Reverse Engineering - Startrek 1 and 2 - USCG 2024

Description

Part 1

You are a remote navigator directing Captain Kirk, who is commanding the USS Enterprise, and Captain Spock, who is commanding the USS Endeavour. Your mission is to guide them on a journey 100 galaxies away to an ancient, advanced civilization known as the “Architects” who have hidden a powerful artifact. This artifact, known as the “Quantum Key,” has the potential to unlock new dimensions, granting unparalleled knowledge and power to its possessor…

But your ships’ warp drives are limited and as you journey through the galaxies, you discover that some contain ancient portal mechanisms that can instantly transport you to another galaxy. These portals are unpredictable and may send you further ahead (Slipstream Portals) or behind (Wormhole Portals) your current position. Can you strategically navigate these worlds and accomplish your mission on limited fuel?

Part 2

The USS Enterprise receives a distress signal from a Federation research station on the remote planet of Xylophia-IV. The station’s scientists were conducting experiments on a newly discovered ancient alien artifact, but their transmissions suddenly ceased. Sensors indicate unusual energy fluctuations emanating from the planet’s surface. With the power of the Quantum Key unlocked, the Starships now have enhanced capabilities. They have more fuel capacity, and can do longer jumps! … But the universe has gotten bigger as well.

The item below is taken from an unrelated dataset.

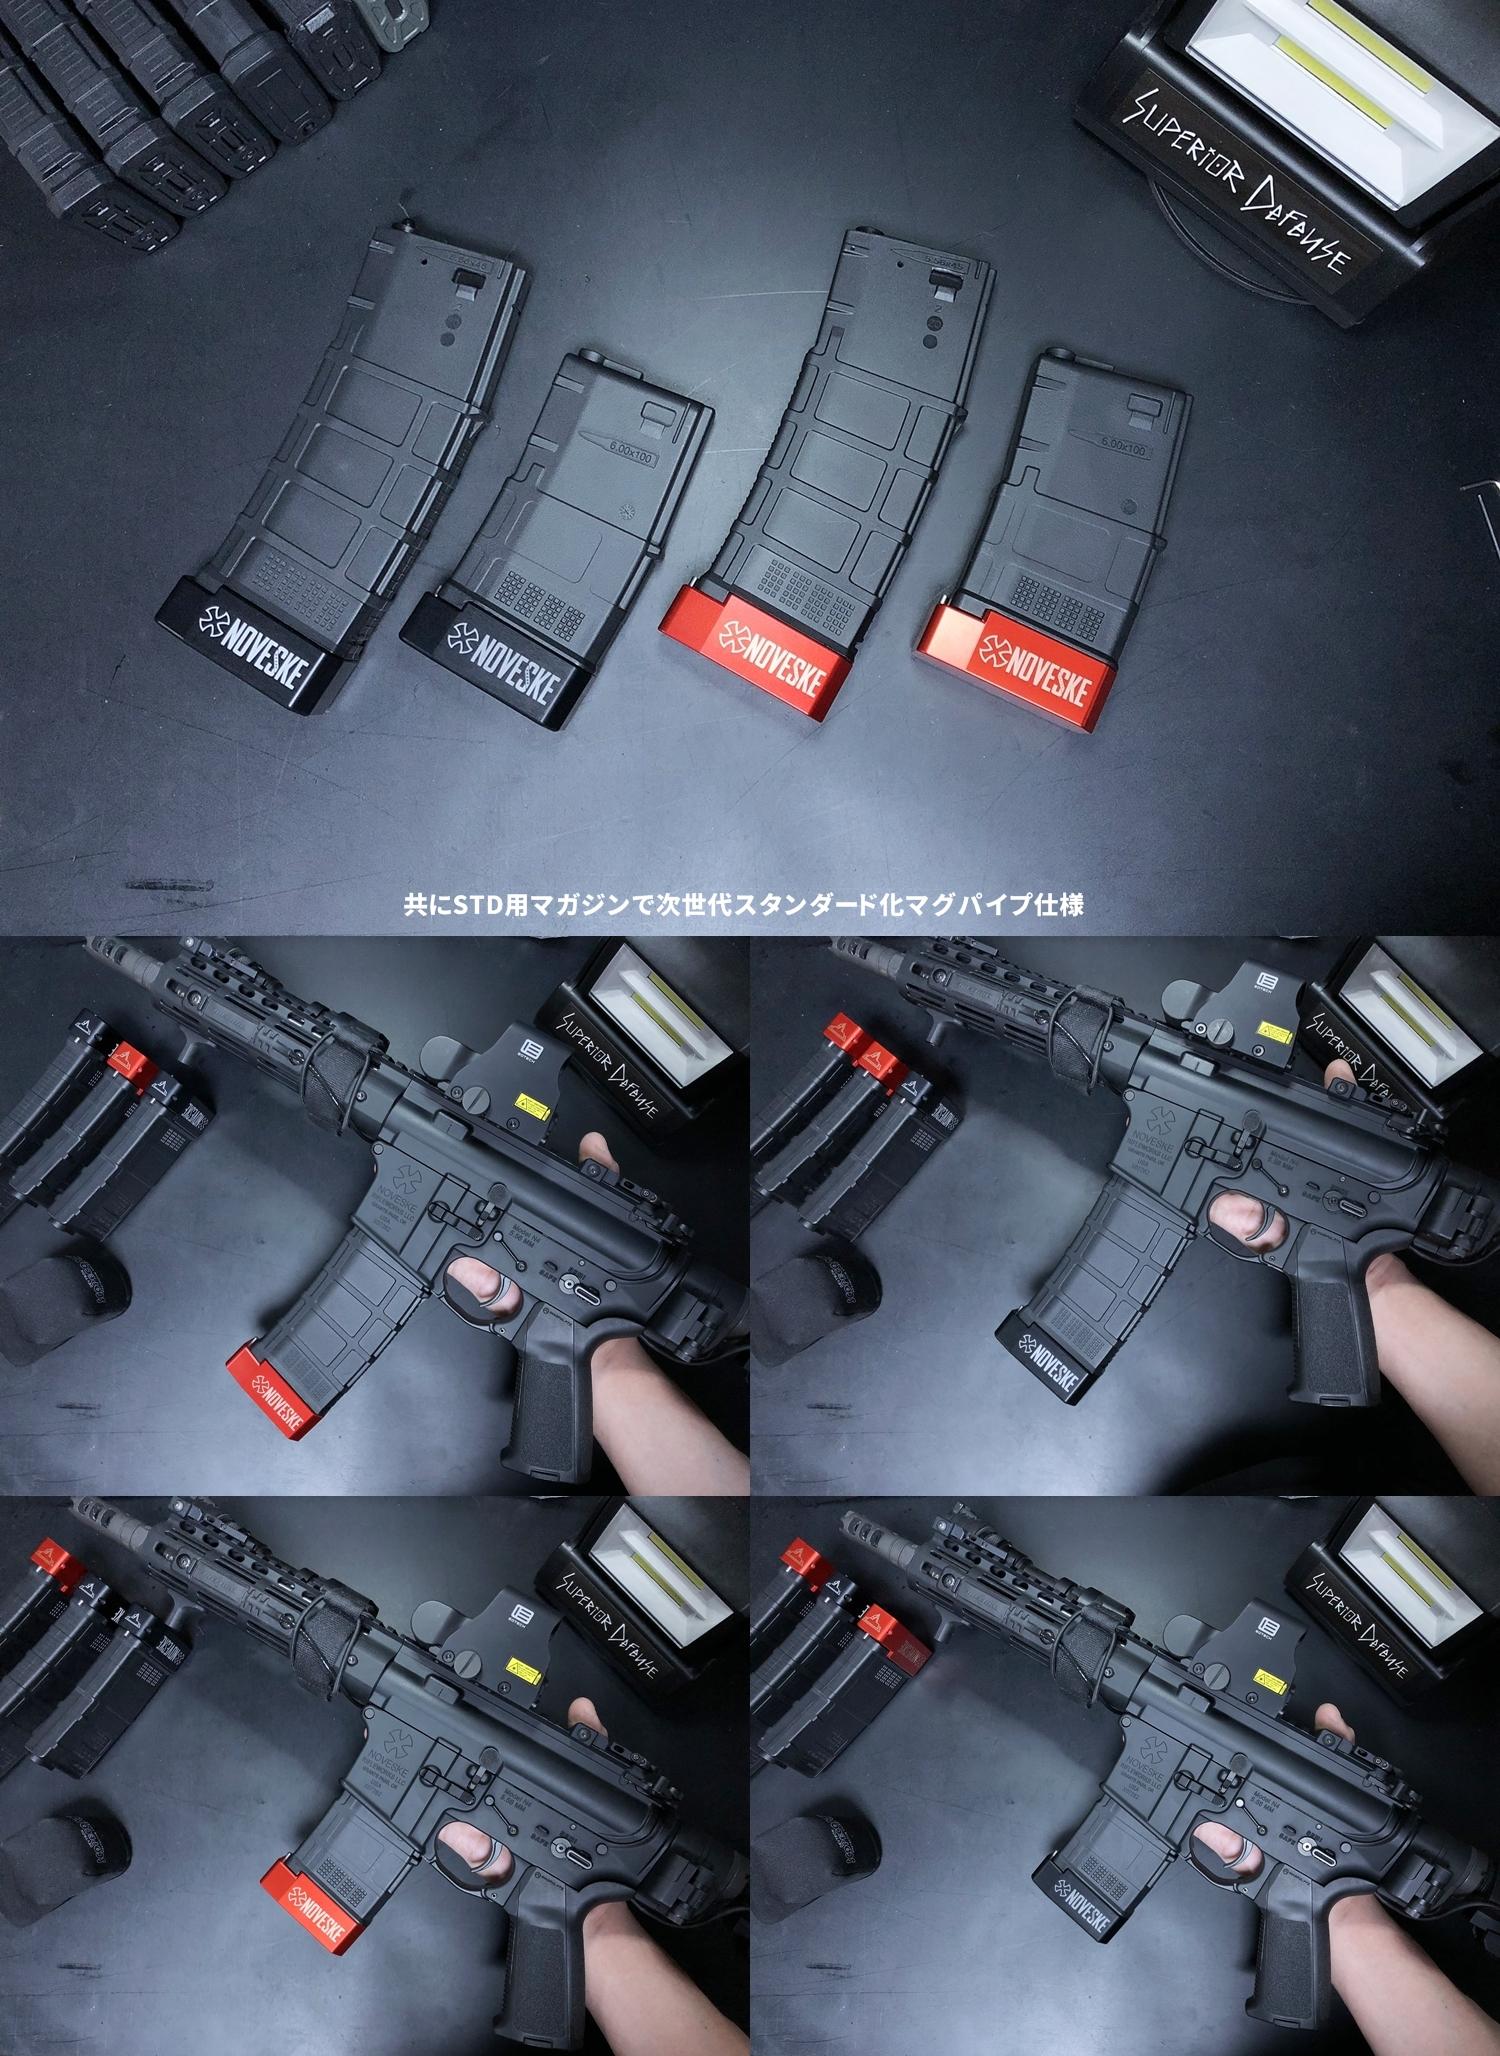 23 実物 NOVESKE TTI PMAG BASE PAD + STD M4 PMAG AMAG GEN3!! DIY HILOG ORIGINAL TTI INNER BASE PAD!! 部品作製 加工 取付 レビュー!!

Captain Kirk and Captain Spock need your help again to navigate to the research station, determine the cause of the distress signal, and retrieve the ancient artifact.

Solution

Both Startrek 1 and 2 use the exact same solution with slightly different parameters. This writeup will use the parameters and source code for Startrek 1 for the majority of the writeup. Anywhere that the behavior or parameters of Startrek 2 differ from Startrek 1 will be noted.

Summary:

1. Reverse engineering the jump function in the binary with Ghidra reveals how map data is stored in memory.
2. The third parameter of the jump function contains the map information. Further analysis of main reveals the total size of the map array.
3. Map data can be extracted from memory using GDB by breaking on the jump function.
4. The map data can be treated as a directed graph where each point or “galaxy” is a vertex, and edges are drawn from one galaxy to another in the positive direction. Additionally, the “wormholes” and “slipstreams” can be treated as edges.
5. Using the directed graph, a BFS algorithm can be used to find the most efficent paths to the target galaxy.
6. Once two valid paths are found using the BFS algorithm, the flag can only be aquired by using gdb to read register values shortly after the success method is printed.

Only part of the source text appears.